Predictive Maintenance and Quality
With IBM® Predictive Maintenance and Quality, you can monitor, analyze, and report on information that is gathered from devices. In addition, recommendations for actions can be generated by Predictive Maintenance and Quality.
IBM Predictive Maintenance and Quality is an integrated solution that you can use to perform the following tasks:
- Predict the failure of an instrumented asset so that you can prevent costly unexpected downtime.
- Make adjustments to predictive maintenance schedules and tasks to reduce repair costs and minimize downtime.
- Quickly mine maintenance logs to determine the most effective repair procedures and maintenance cycles.
- Identify the root cause of asset failure faster so that you can take corrective actions.
- Identify quality and reliability issues definitively and in a timely way.
Instrumented assets generate data such as device ID, timestamp, temperature, and status code. This data can be collected and used with maintenance records and other data in models that predict when an asset is likely to fail.
Examples of instrumented assets are manufacturing equipment, mining equipment, drilling equipment, farming equipment, security equipment, cars, trucks, trains, helicopters, engines, cranes, oil platforms, and wind turbines.
For example, an oil refinery is a system that combines thousands of interlocking pieces. It is critical that such a system is able to work safely and efficiently. You can use IBM Predictive Maintenance and Quality to monitor and track the lifecycle of each piece of the refinery, such as each pipe, pump, compressor, valve, furnace, turbine, tank, heat exchange unit, and boiler. Reports give you the information to ensure that you have the necessary parts available and can schedule repairs during periods of inactivity.
Predictive maintenance
In predictive maintenance, you look for patterns in the usage and environmental information for equipment that correlate with failures that take place. This information is used to create predictive models to score incoming new data. You can predict the likelihood of failure. Scores are generated from this information that give you an indication of the health of the piece of equipment. In addition, key performance indicators (KPIs) are collected, which are used for reporting. KPIs help you to identify assets that do not conform to normal patterns of behavior. You can define rules to generate recommendations when a piece of equipment is identified as having a high probability of failure. Recommendations can be fed into other systems so that people are alerted to them automatically.

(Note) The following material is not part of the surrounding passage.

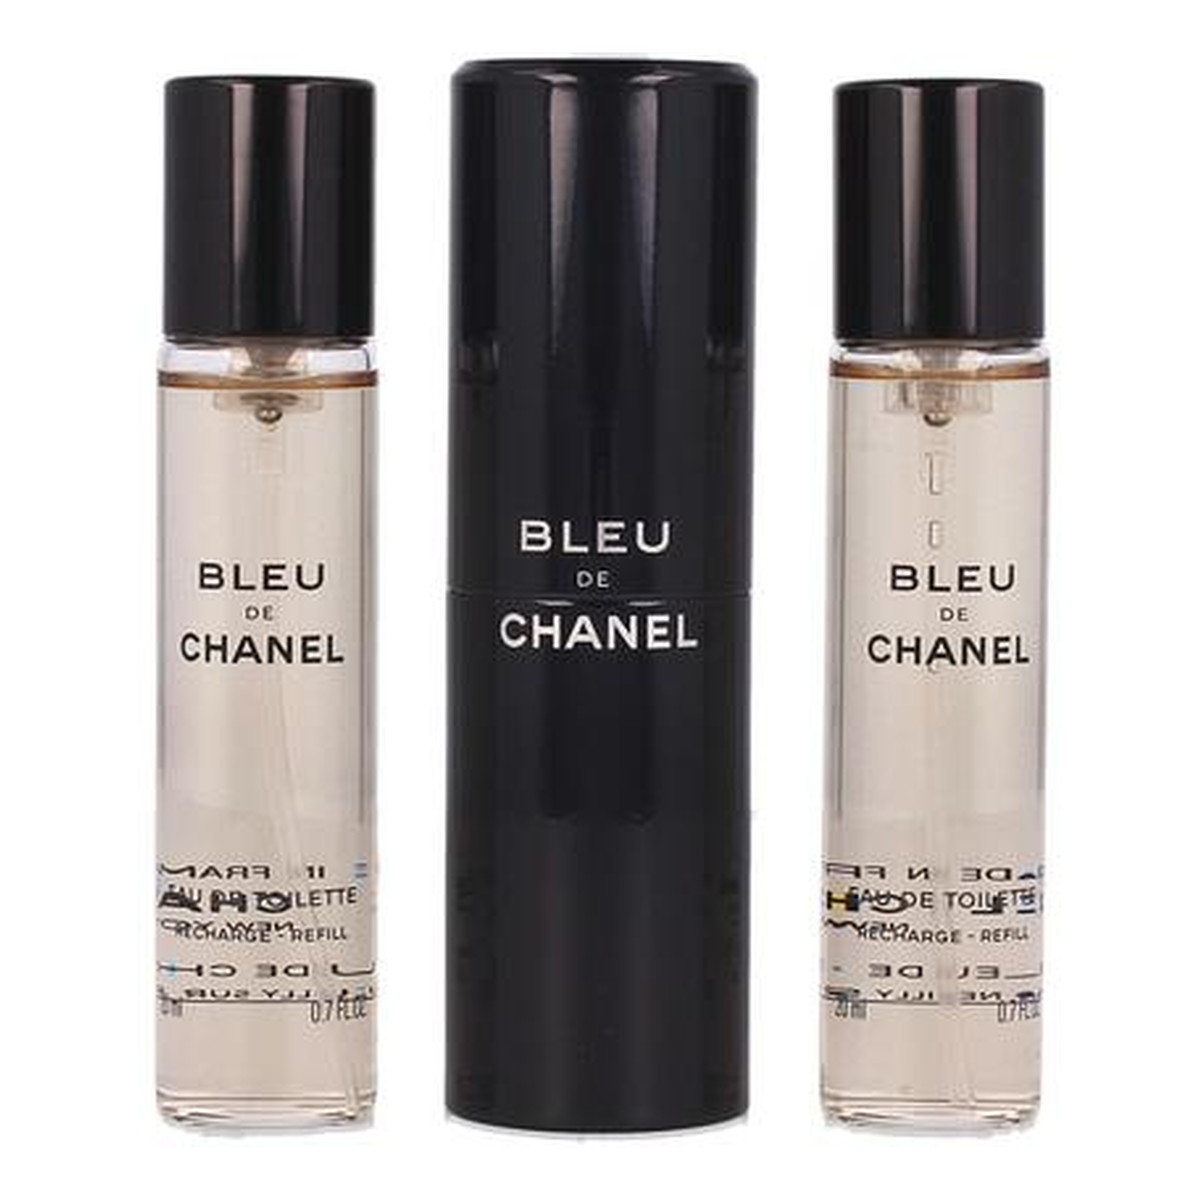 Chanel Bleu De Chanel Woda Toaletowa Travel spray and two refills 3x20ml. 20ml

Predictive quality in manufacturing
Past operations data, environmental data, and historical defect data can be used to identify the causes of elevated defect rates. This information is used in predictive models, so that when incoming data is fed into the models, you can predict the likely defect rates. The predicted values are then used for analysis and reporting and to drive recommendations such as modification to inspection patterns, or recalibration of machinery. Scoring can be done on a near real-time basis.
Predictive Maintenance and Quality can also detect quality and reliability problems faster than traditional techniques.